Usually, the technologists are more vulnerable than are senior managers.
- On the other hand, those who prefer gathering more data are vulnerable to a different (but
complementary) error. They tend to postpone acceptance of working hypotheses until long after there is enough data to
justify them.
- Both error modes are manifestations of the inherent conflict between "connecting the dots" and
gathering data.
- Establish and enforce interface requirements
- In the routine environment, we permit team members to speak freely with those outside the team. Occasionally, this
"out of band" communication causes problems, but it also facilitates agility, and we tolerate it. In the emergency
environment, out of band communication is almost always a threat to orderly management of the emergency. In the
emergency environment, communication between a team and others outside the team must follow interface requirements.

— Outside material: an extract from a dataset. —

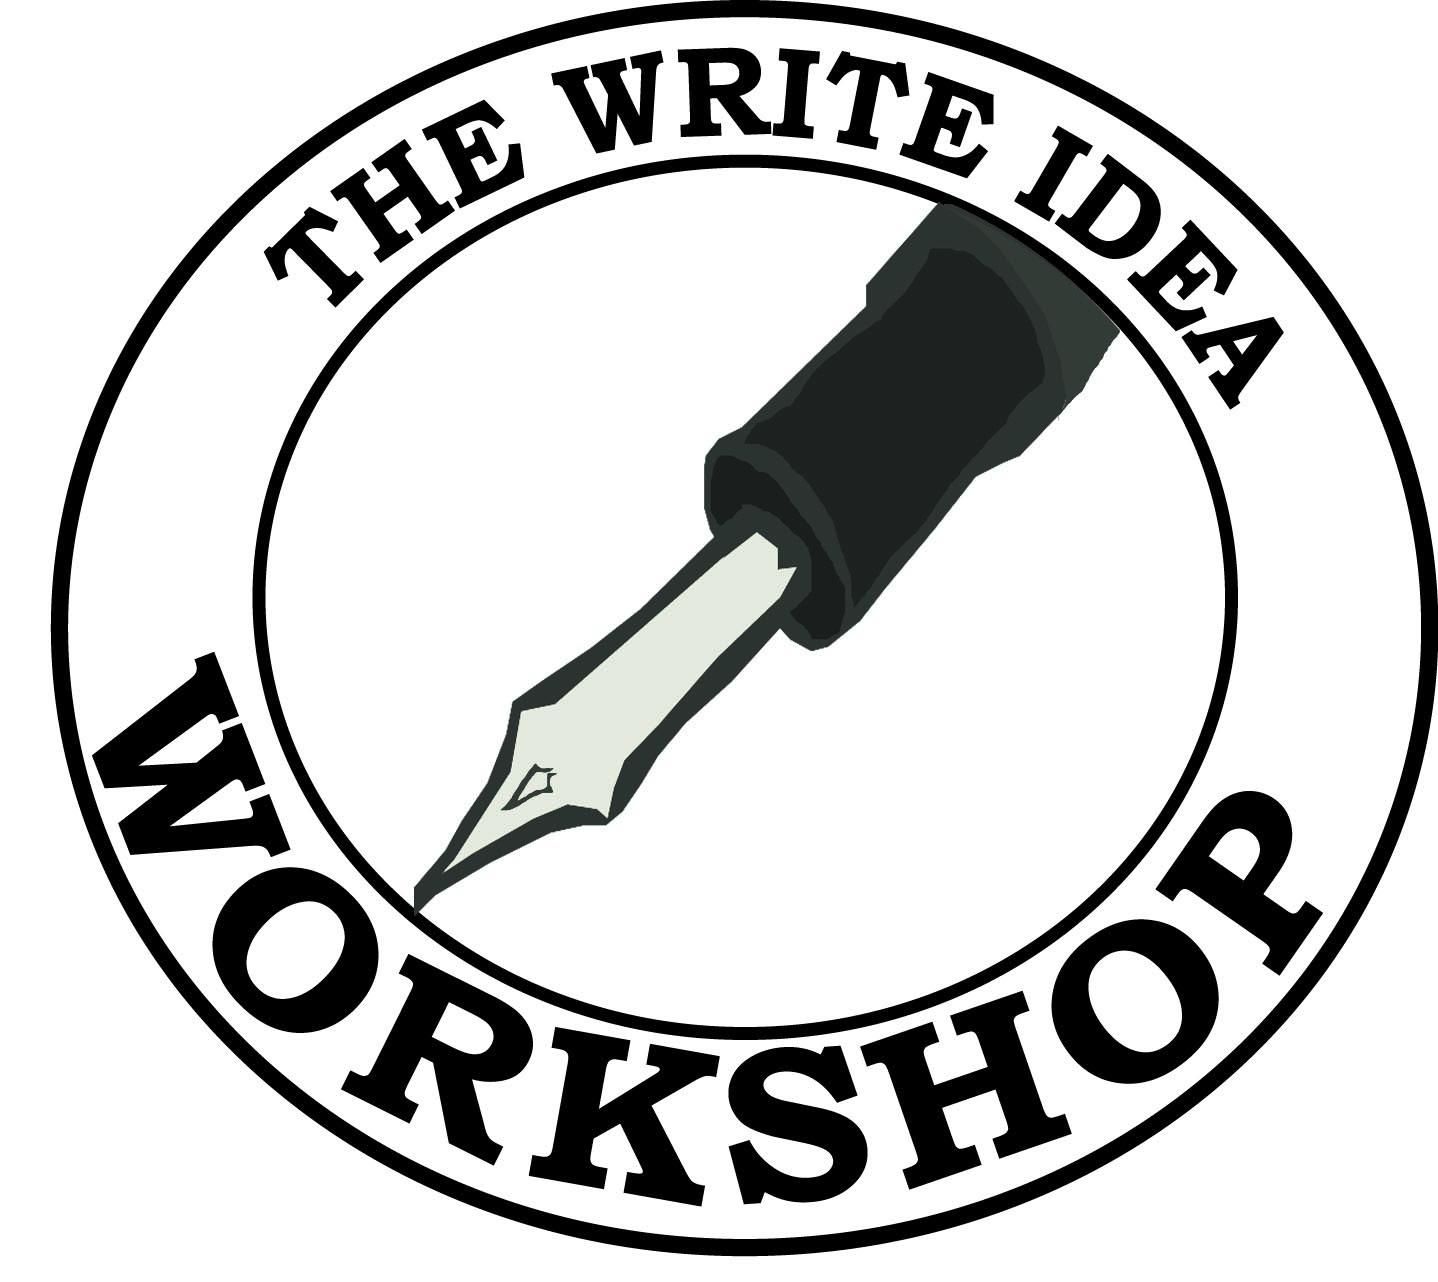 038 - The Write Idea Workshop - Chicago Mash

- This is particularly so in the case of a technical emergency team, because the
spokesperson for the team might at times need to withhold information that isn't yet ready to be released. Others
outside the team then sometimes attempt "end-arounds," in which they privately interrogate team members outside the
awareness of the team lead or team spokesperson. Team members and all internal staff must be made aware, in advance,
that interface protocols are to be followed at all times.
- Appreciate the consequences of demanding definitive responses from technologists
- When we demand that technologists supply scalar responses to queries that inherently require vector responses, we're
requiring that they suppress information. That suppression, in itself, presents no difficulties to the emergency
response team. But when the suppression of that information prevents the emergency response team from considering
alternatives and issues that are its responsibility to consider, suppression of information by technologists does
become a problem for the emergency response team. Indeed, it can become a problem also for the viability of the
enterprise.
- It is the role of the technologist in a technology-driven emergency to maintain a clear grasp of
the full dimensionality of the emergency. It is the role of the emergency management team to decide what to do. Neither
can fulfill its role when the technologists suppress information, either voluntarily or involuntarily.
- In emergencies, leave no voids
- When people worry, they make up what they don't know. When we say nothing about a topic people are worrying about,
we leave a void to be filled by rumors. Make an active effort to determine what your stakeholder populations are
worrying about, and make special efforts to determine which of their concerns they're actually talking about. Make these
efforts part of your situational awareness program.
- When you learn of a concern that's propagating within a given population — internal to the team
or external — and you know that the concern is false or irrelevant, fashion and deliver a message to that population
designed to assuage the concern. If there's any truth to the concern, address that directly. Letting it circulate
unanswered will only give it space to grow to the point of unmanageability.